Conflict diamonds captured the world's attention during the extremely brutal conflict in Sierra Leone in the late 1990s. During this time, it is estimated that conflict diamonds represented approximately 4% of the world's diamond production. Illicit rough diamonds have also been used by rebels to fund conflicts in Angola, Liberia, Ivory Coast, the Democratic Republic of Congo and the Republic of Congo (also known as Congo Brazzaville).
Today, the flow of conflict diamonds has been reduced to considerably less than 1%.
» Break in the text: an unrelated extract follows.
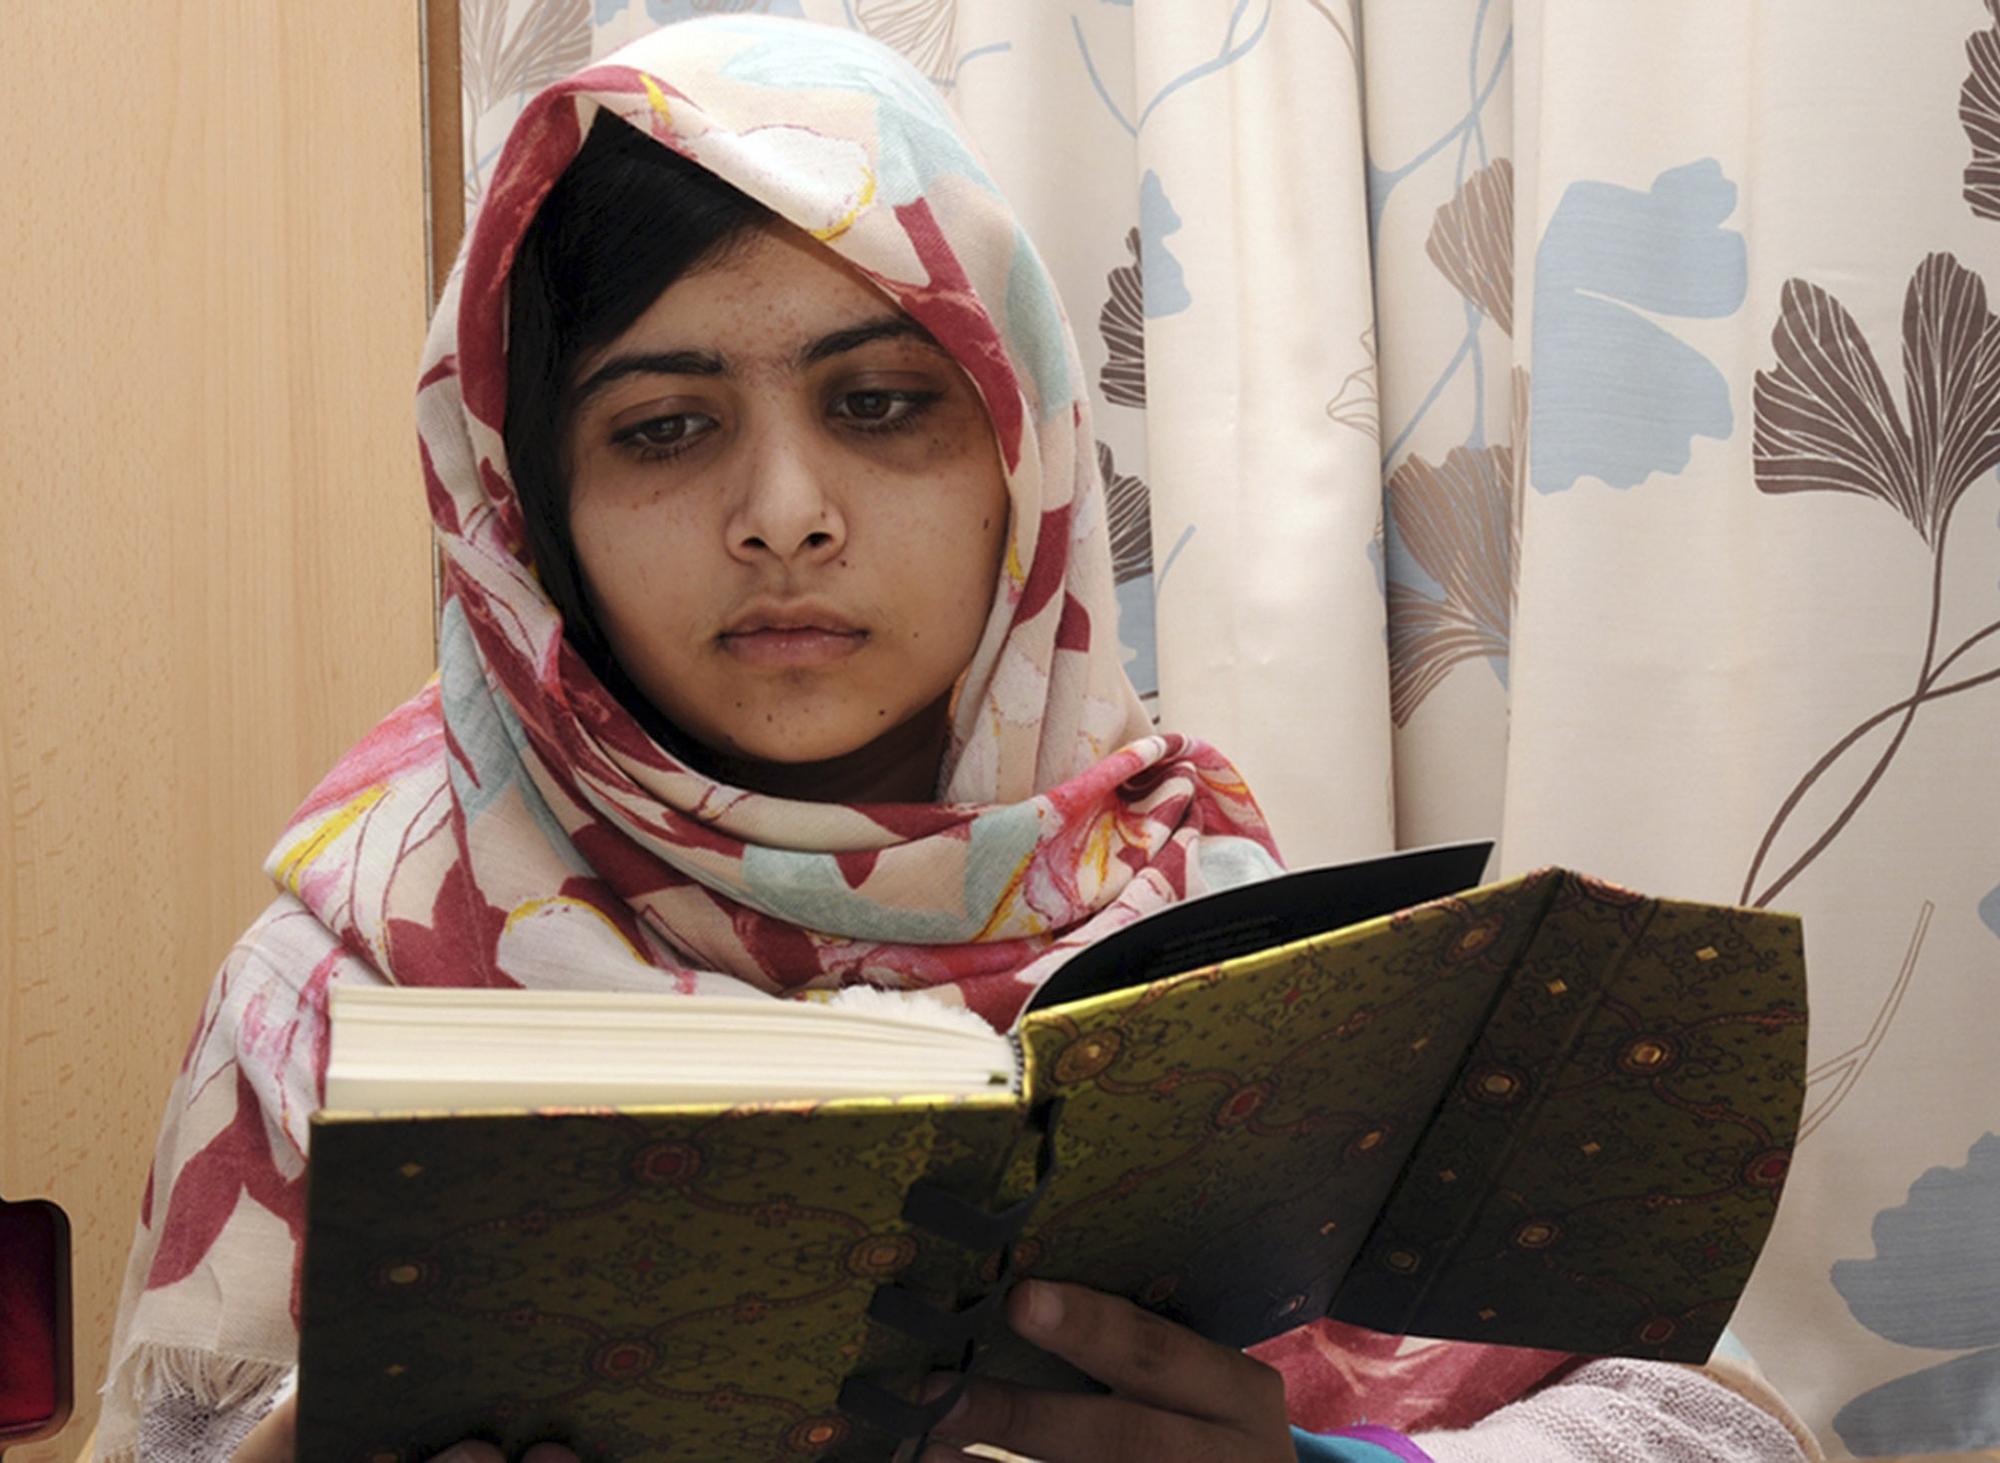 Malala Yousafzai - Bio, News, Photos - Washington Times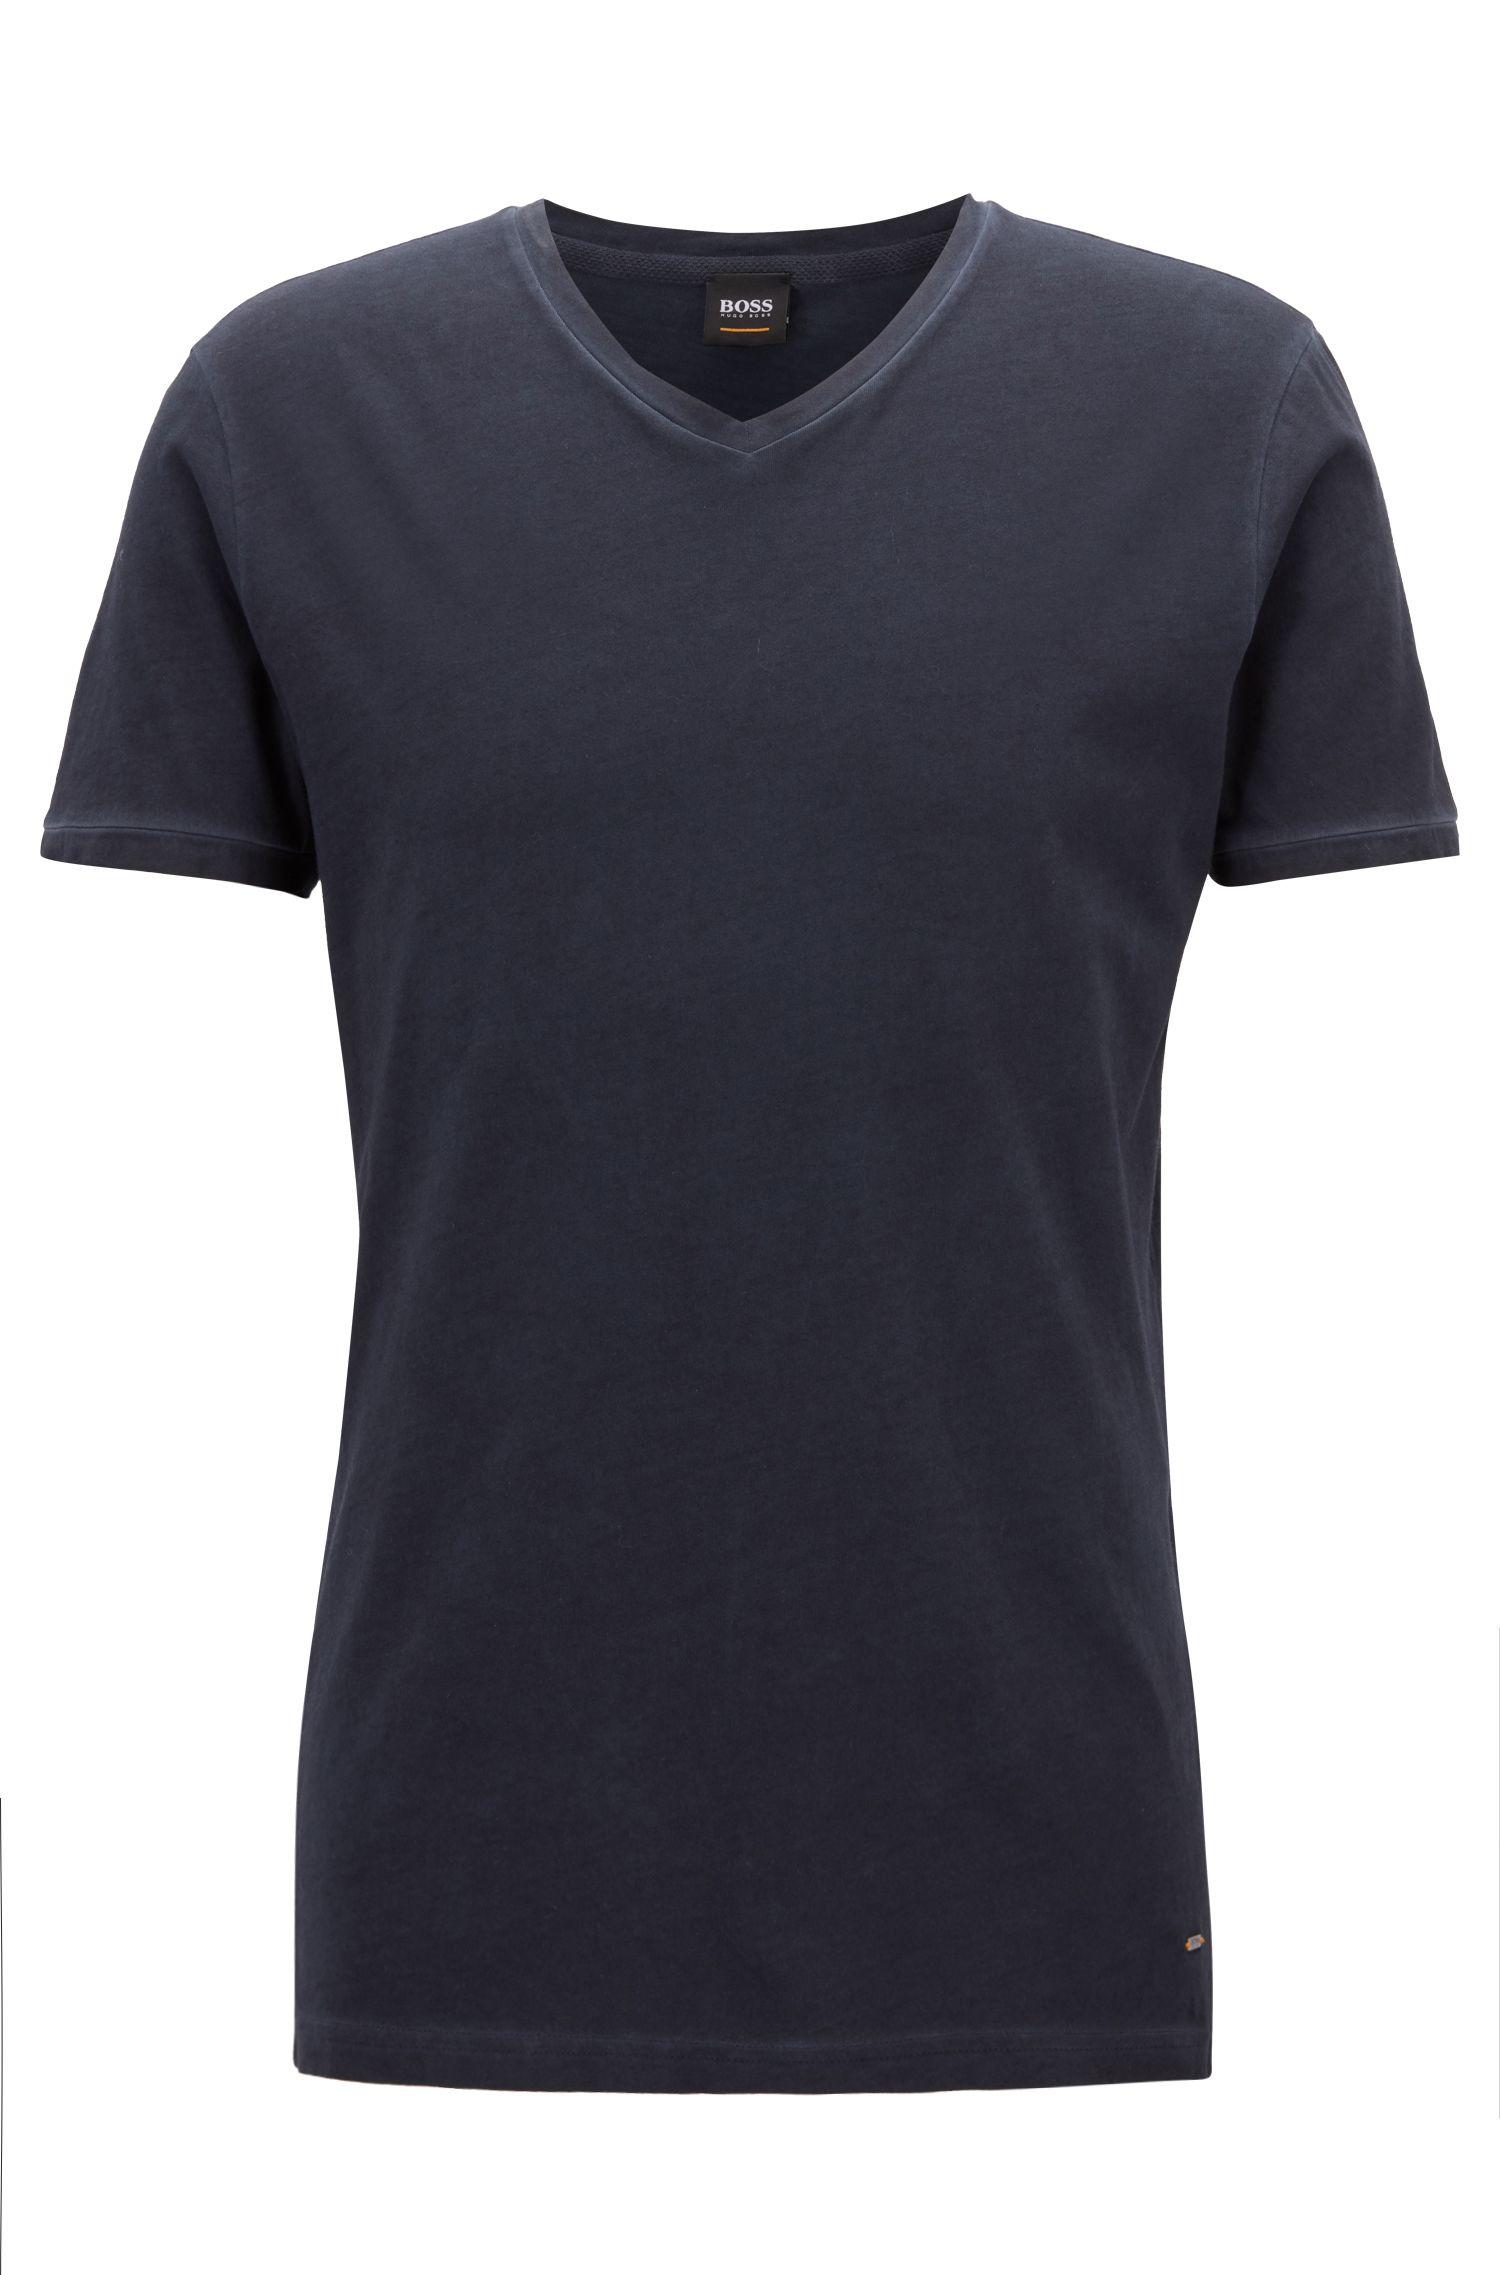 T-shirt Regular Fit en coton, à colV, Bleu foncé

There are three diamond producing countries that account for this small percentage. Firstly, the Republic of Congo has been suspended from participation in the Kimberley Process owing to areas of non-compliance. Secondly, Liberia and the Ivory Coast are under United Nations Security Council Resolutions to prohibit the extraction and trading of diamonds. Despite both the Republic of Congo and Liberia benefiting from internationally recognized peace agreements, diamonds from these countries may be referred to as "conflict diamonds".
In July 2000, the global diamond industry made clear to the international community its zero tolerance policy towards conflict diamonds. Dedicated to eradicating the trade in conflict diamonds, it worked closely with the United Nations, governments and non-governmental organizations (NGOs) such as Global Witness and Partnership Africa Canada to create the Kimberley Process Certification System. This system was formally adopted in 2003 and guards against conflict diamonds entering the legitimate diamond supply chain. The diamond industry also adopted a voluntary System of Warranties to assure consumers that their diamonds are from sources free of conflict.
Today 71 governments have enshrined into their national law the Kimberley Process Certification System, and now more than 99% of the world's diamonds are from conflict free sources. However, even one conflict diamond is one too many. The diamond industry continues to work with governments, NGOs and the UN to strengthen the Kimberley Process and the System of Warranties.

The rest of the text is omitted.